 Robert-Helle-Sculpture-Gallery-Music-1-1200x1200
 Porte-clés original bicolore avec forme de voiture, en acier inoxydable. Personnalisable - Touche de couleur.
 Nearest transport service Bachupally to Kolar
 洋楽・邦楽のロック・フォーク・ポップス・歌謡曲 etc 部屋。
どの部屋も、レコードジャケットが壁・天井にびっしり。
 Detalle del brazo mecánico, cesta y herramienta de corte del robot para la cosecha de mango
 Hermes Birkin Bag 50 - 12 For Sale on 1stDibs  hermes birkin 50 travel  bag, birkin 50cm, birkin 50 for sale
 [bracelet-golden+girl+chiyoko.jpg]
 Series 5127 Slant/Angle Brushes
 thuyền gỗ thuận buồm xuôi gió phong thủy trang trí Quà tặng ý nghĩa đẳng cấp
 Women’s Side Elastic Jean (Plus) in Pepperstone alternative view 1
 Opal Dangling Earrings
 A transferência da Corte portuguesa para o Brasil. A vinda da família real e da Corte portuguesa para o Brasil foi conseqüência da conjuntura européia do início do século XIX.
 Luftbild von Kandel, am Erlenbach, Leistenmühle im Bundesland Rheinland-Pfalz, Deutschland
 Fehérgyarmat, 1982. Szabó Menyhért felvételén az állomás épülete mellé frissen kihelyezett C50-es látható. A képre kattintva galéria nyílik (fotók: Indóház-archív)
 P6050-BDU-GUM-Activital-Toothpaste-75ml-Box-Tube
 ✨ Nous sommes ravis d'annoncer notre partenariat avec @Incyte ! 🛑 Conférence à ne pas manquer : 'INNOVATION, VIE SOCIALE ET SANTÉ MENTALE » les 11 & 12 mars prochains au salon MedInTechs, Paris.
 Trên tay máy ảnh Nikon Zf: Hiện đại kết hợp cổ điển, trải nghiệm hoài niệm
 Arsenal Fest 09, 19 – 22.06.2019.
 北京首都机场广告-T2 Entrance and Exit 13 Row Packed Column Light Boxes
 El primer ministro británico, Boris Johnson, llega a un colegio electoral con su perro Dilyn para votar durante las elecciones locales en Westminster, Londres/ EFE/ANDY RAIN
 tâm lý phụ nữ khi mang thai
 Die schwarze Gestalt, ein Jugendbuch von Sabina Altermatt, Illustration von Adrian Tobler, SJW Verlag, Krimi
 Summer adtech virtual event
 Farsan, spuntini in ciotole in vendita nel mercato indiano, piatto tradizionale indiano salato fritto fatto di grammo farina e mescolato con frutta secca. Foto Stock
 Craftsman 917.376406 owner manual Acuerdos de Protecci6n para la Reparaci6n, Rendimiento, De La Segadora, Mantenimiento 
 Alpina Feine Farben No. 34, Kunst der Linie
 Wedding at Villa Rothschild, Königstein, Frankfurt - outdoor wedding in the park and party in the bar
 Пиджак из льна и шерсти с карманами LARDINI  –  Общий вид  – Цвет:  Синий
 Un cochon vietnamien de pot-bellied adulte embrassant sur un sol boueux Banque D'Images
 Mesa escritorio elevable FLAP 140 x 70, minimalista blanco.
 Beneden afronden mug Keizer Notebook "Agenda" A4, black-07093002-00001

### Problem to solve
As the answer, set down only the lines from the data above between the one holding "どの部屋も、レコードジャケットが壁・天井にびっしり。" and the one holding "Fehérgyarmat, 1982. Szabó", inclusive, exactly as they read.

### Solution to the exercise
どの部屋も、レコードジャケットが壁・天井にびっしり。
 Detalle del brazo mecánico, cesta y herramienta de corte del robot para la cosecha de mango
 Hermes Birkin Bag 50 - 12 For Sale on 1stDibs  hermes birkin 50 travel  bag, birkin 50cm, birkin 50 for sale
 [bracelet-golden+girl+chiyoko.jpg]
 Series 5127 Slant/Angle Brushes
 thuyền gỗ thuận buồm xuôi gió phong thủy trang trí Quà tặng ý nghĩa đẳng cấp
 Women’s Side Elastic Jean (Plus) in Pepperstone alternative view 1
 Opal Dangling Earrings
 A transferência da Corte portuguesa para o Brasil. A vinda da família real e da Corte portuguesa para o Brasil foi conseqüência da conjuntura européia do início do século XIX.
 Luftbild von Kandel, am Erlenbach, Leistenmühle im Bundesland Rheinland-Pfalz, Deutschland
 Fehérgyarmat, 1982. Szabó Menyhért felvételén az állomás épülete mellé frissen kihelyezett C50-es látható. A képre kattintva galéria nyílik (fotók: Indóház-archív)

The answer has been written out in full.